→ Data block
:::

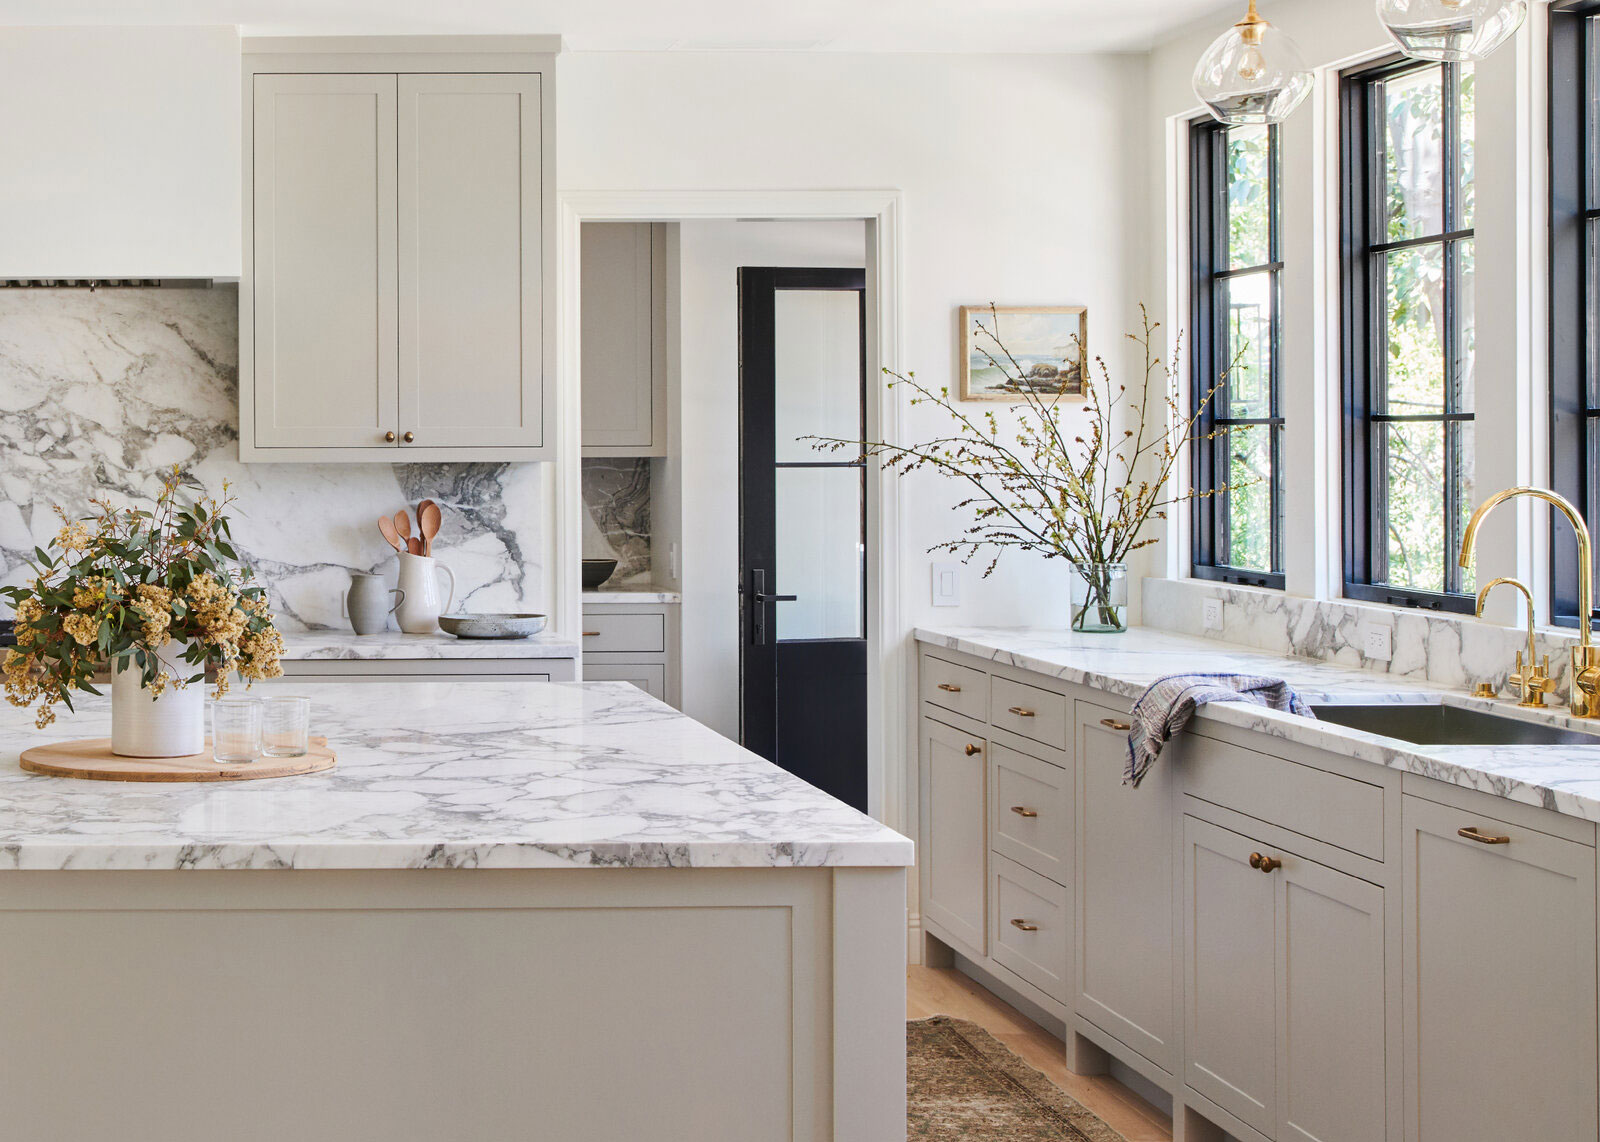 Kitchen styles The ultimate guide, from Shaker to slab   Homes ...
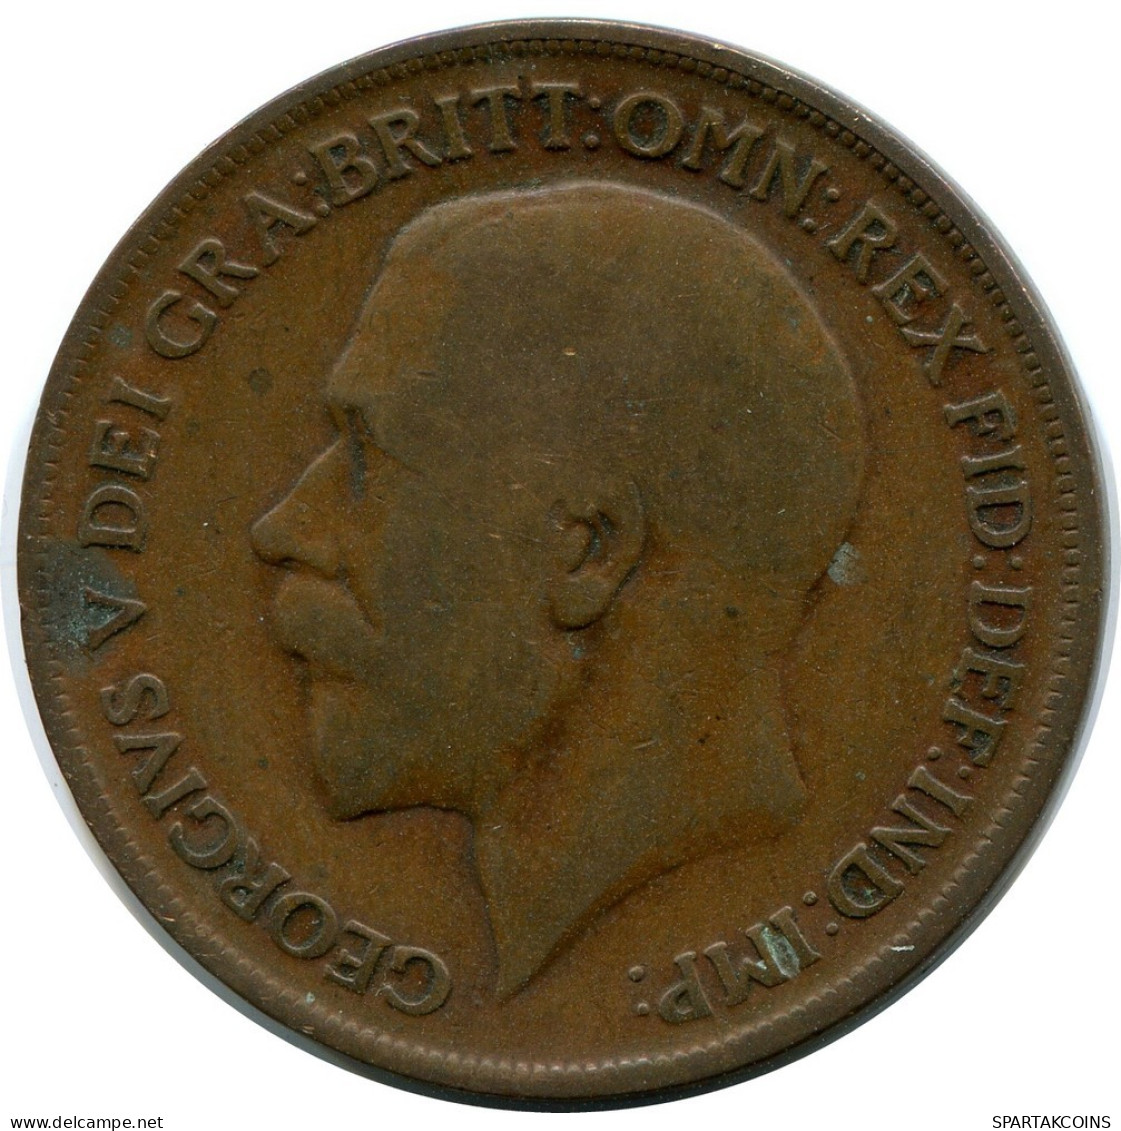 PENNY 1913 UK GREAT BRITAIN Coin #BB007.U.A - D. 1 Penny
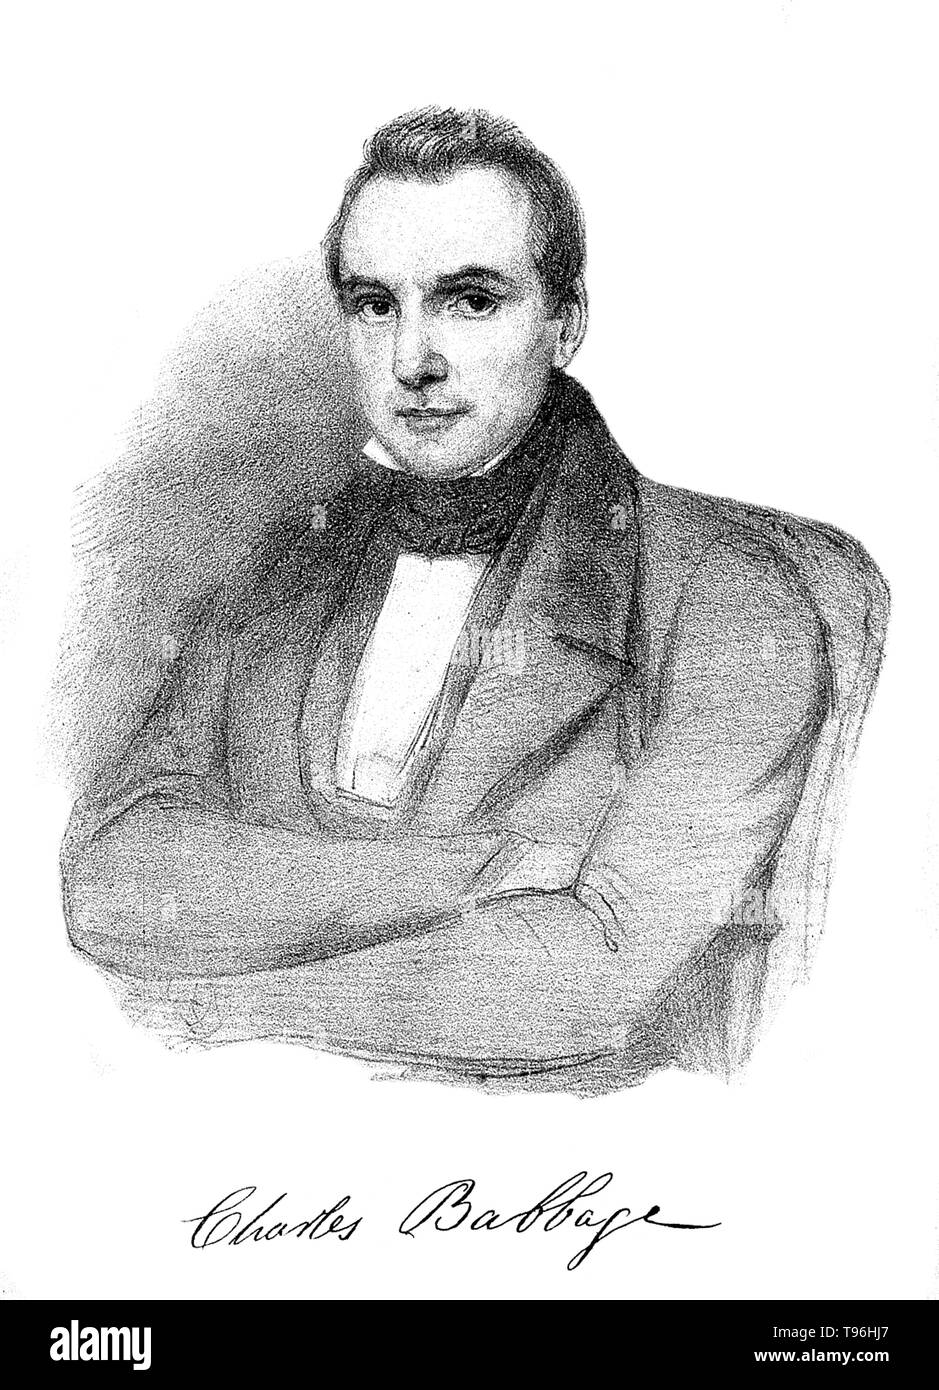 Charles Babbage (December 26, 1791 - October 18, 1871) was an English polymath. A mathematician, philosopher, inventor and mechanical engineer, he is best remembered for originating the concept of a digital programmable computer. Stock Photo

:::

Keep the pictures out while you retype all of the data above exactly as it appears.

→ Answer below
 Kitchen styles The ultimate guide, from Shaker to slab   Homes ...
 PENNY 1913 UK GREAT BRITAIN Coin #BB007.U.A - D. 1 Penny
 Charles Babbage (December 26, 1791 - October 18, 1871) was an English polymath. A mathematician, philosopher, inventor and mechanical engineer, he is best remembered for originating the concept of a digital programmable computer. Stock Photo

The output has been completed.